Version 2 – Here I tried isolating the functionality in a function, and call the
function in a separate for loop that reads through the control. So I am unclear
why I am setill getting the tree cache full, given that the function is called
with just a single node each time. Note the difference in the error reported –
here there are 2 lines mentioned.

declare namespace RSUITE="http://www.reallysi.com" declare namespace adbl="http://www.audible.com/publisherToRepository"
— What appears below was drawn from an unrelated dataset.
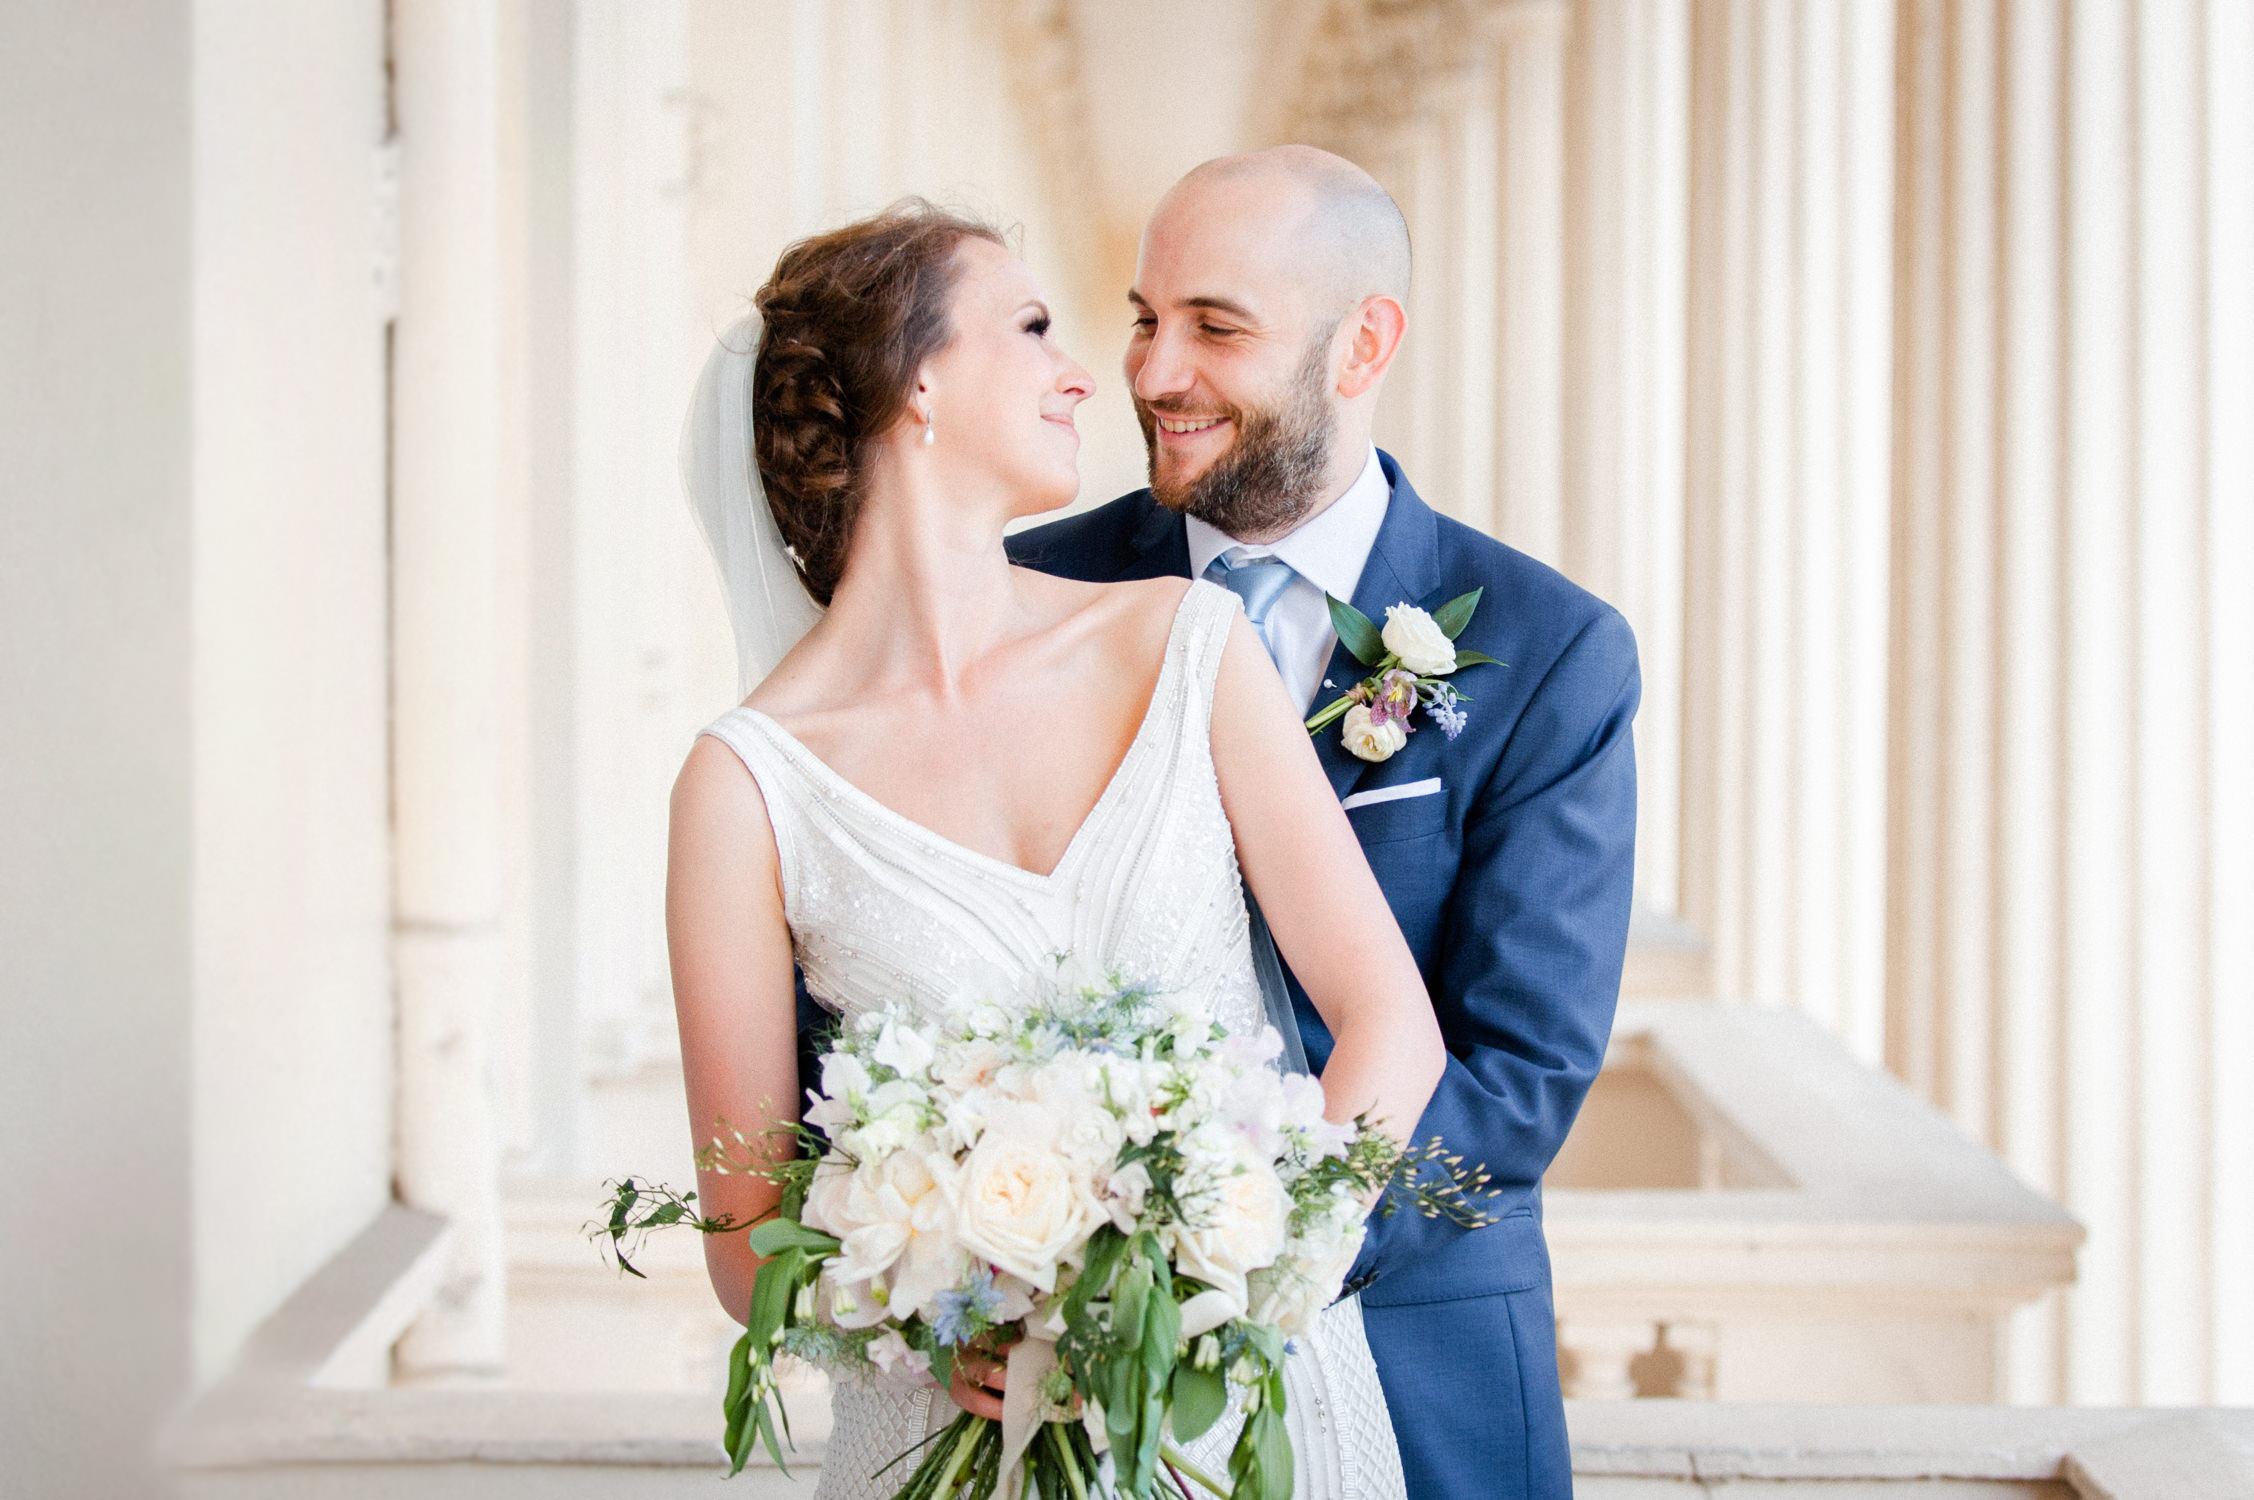 ICA london wedding photographer- Erika Rimkute

define function update_excl_prod( $excl as node() ) as element() (: Call with
just 1 node ! :) {

for $rsuite in collection("Internal")/product

let $excl_product := $rsuite/adbl:METADATA/adbl:CORE/adbl:EXCLUSIVE_PRODUCT let $prod_id := $excl/prods/product/prod_id

let $excl_content := $rsuite/adbl:METADATA/adbl:CORE/adbl:EXCLUSIVE_CONTENT let $excl_product := $rsuite/adbl:METADATA/adbl:CORE/adbl:EXCLUSIVE_PRODUCT

let $exi := exists($excl_product )

let $start := $excl/start let $end_dt := $excl/end

let $repl_node
:=<adbl:EXCLUSIVE_PRODUCT><adbl:START_DATE>{$start/text()}</adbl:START_DATE><adbl:END_DATE>{$end_dt/text()}</adbl:END_DATE></adbl:EXCLUSIVE_PRODUCT>

where $rsuite/adbl:METADATA/adbl:CORE/adbl:ID/text() = $excl/prod_id/text()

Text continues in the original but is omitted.